Is is possible to add a timestamp as parameter?
I am currently working on a script that processes e-mail bounce statuses. This script runs every half hour, but I do have the timestamps of the reception of the bounce station. I'd like to use this timestamp for my metrics, because this will give a better view of what happens when.
So is it possible to send the timestamps (which are probably in the past) as well?
We collect log from the mobile devices too, which arrives when the device connects to internet. Is there a way to specify timestamp parameter.
this is not possible at the moment, the timestamp to send is generated at flush time and not stored with a specific metric.
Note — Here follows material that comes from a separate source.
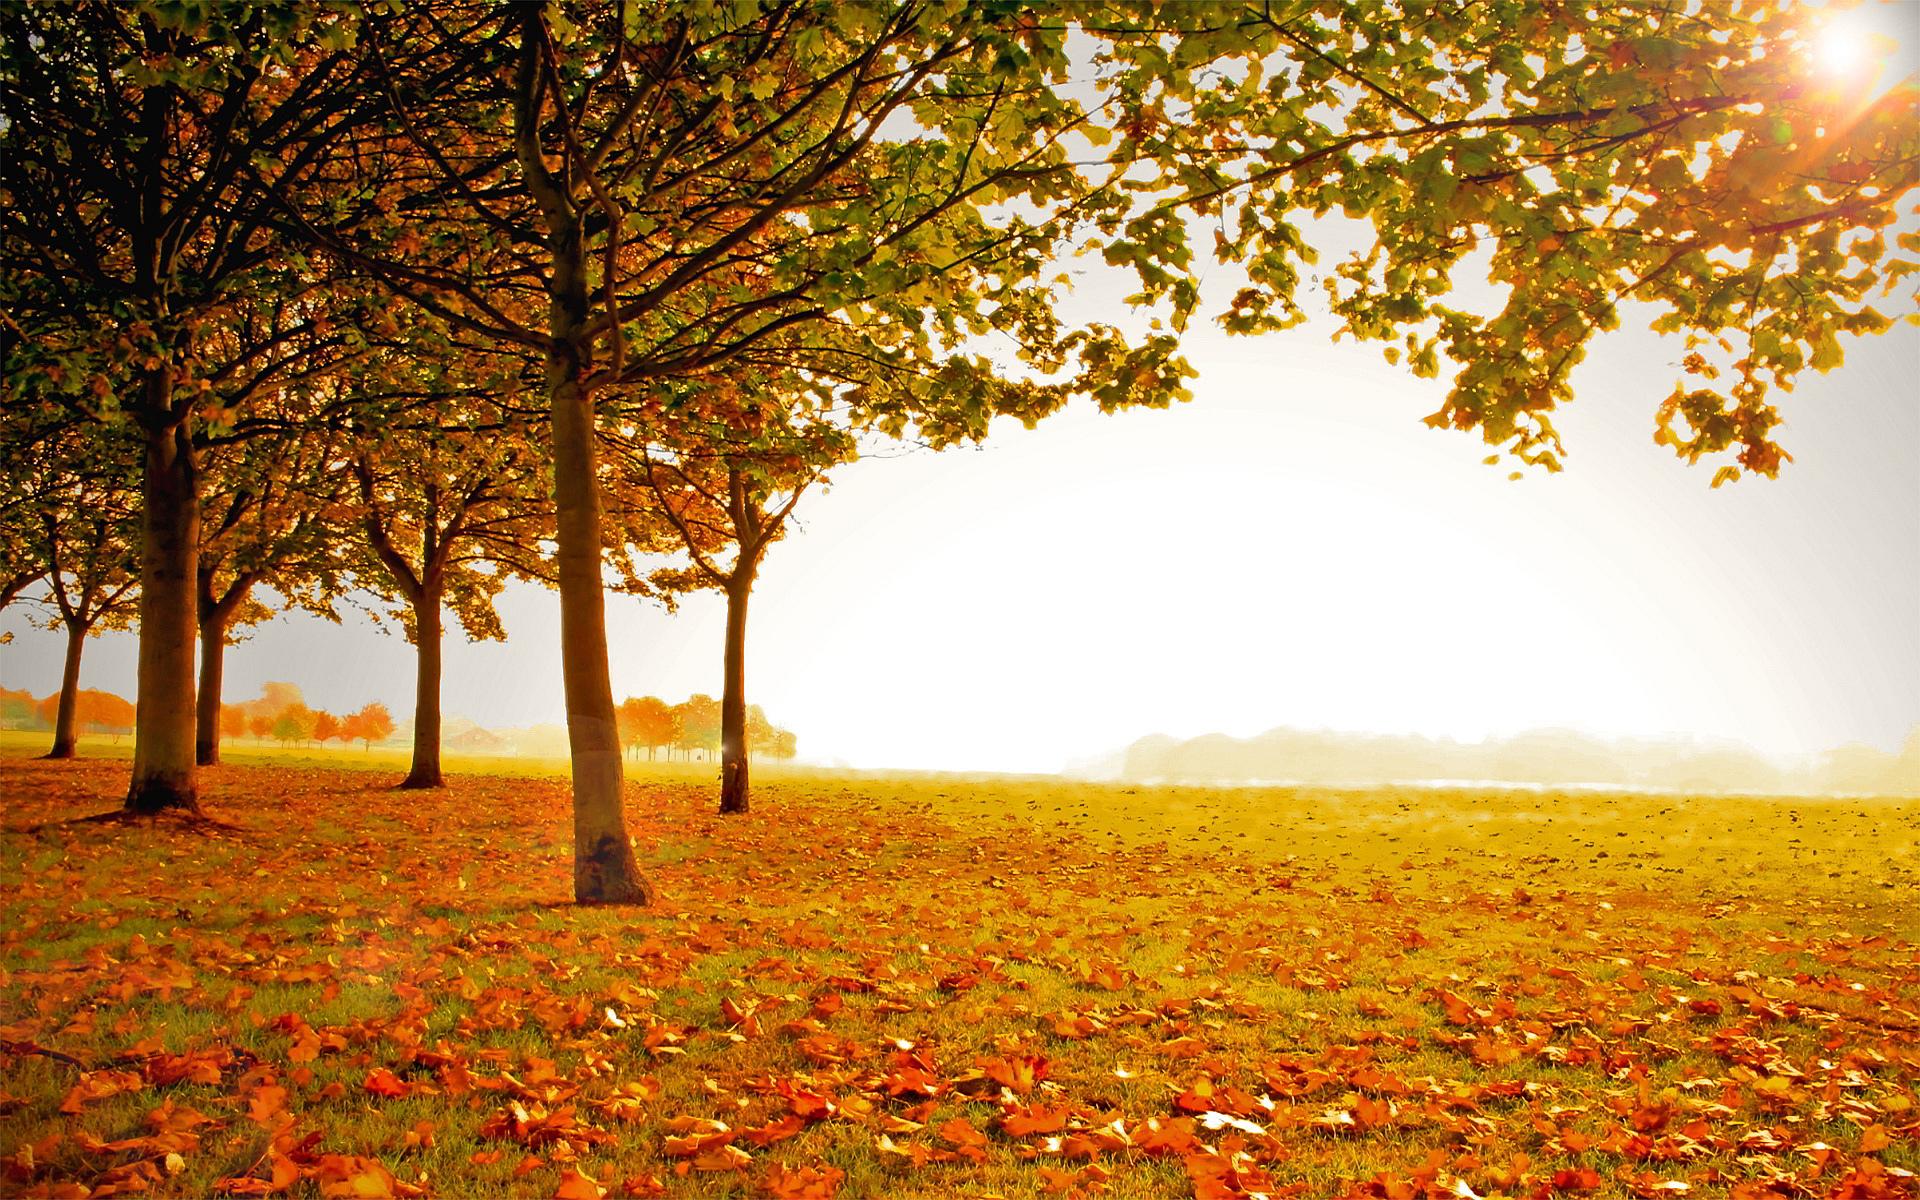 HD Autumn Landscape Wallpaper 5 - HD Wallpapers - Desktop ...

Adding this feature would mean some rather big changes to StatsD. This doesn't mean I'm opposed to having this feature, I think it might be useful in some cases.
so more conceptually speaking: an "offline" mode where you process historical data (not realtime), if we can assume the data is fed in in order (this seems reasonable) we can build an implementation that partitions the time in intervals based on the given timestamps (and then processes the data like usual), as opposed to a realtime clock.
+1 this would be great for those cases where producers, say logstash, have an event but the actual messages have been persisted for processing later.
This would be very useful. We have situations where we wish to correlate real-time data that is pushed immediately to statsd and real-time data that is not pushed immediately to statsd (however has timestamps to indicate when it was created).
+1 This would be great!
i started working on an implementation for historical processing in statsdaemon, but realized that doing this (i.e. adding timestamp support to a statsd network service) is not the right way to do it.
remember, a statsd network service has the responsability to send metrics to a backend (graphite) with the summarized stats, as soon as it can, but if it has to keep listening for old timestamps, that won't work very well. out of order input could mess things up as well. you could alleviate some of it by marking session boundaries but then realize that udp is an unreliable protocol.
I think a better approach would be to make a statsd "library" instead of network service, where you just iterate over your logs and emit the metrics into the library, and now you actually can call api functions to close timeframes (once you're sufficiently past it, for example)
@Dieterbe , you might want to look into https://github.com/elasticsearch/logstash
In my opinion, there is another important use case where this feature is needed. I want to contact several webservices and download a huge XML file of metrics and their generation timestamp from each one. Some servers cache the metrics they generate for a certain period and other throttle down the download speed, so it might take a minute to download the whole file. For these reasons I am not interested in the timestamp when the download finished, but rather in the timestamp that comes in the XML payload. And I want to use statsd because of the UDP protocol.
What makes adding this feature so difficult ? I do not know how the program is structured but what is needed is just to parse another input parameter and send with the other data for gauge metrics.
You may want to take a look at https://github.com/etsy/logster which can be used to parse log files and send metrics to graphite, using the timestamp from the log file.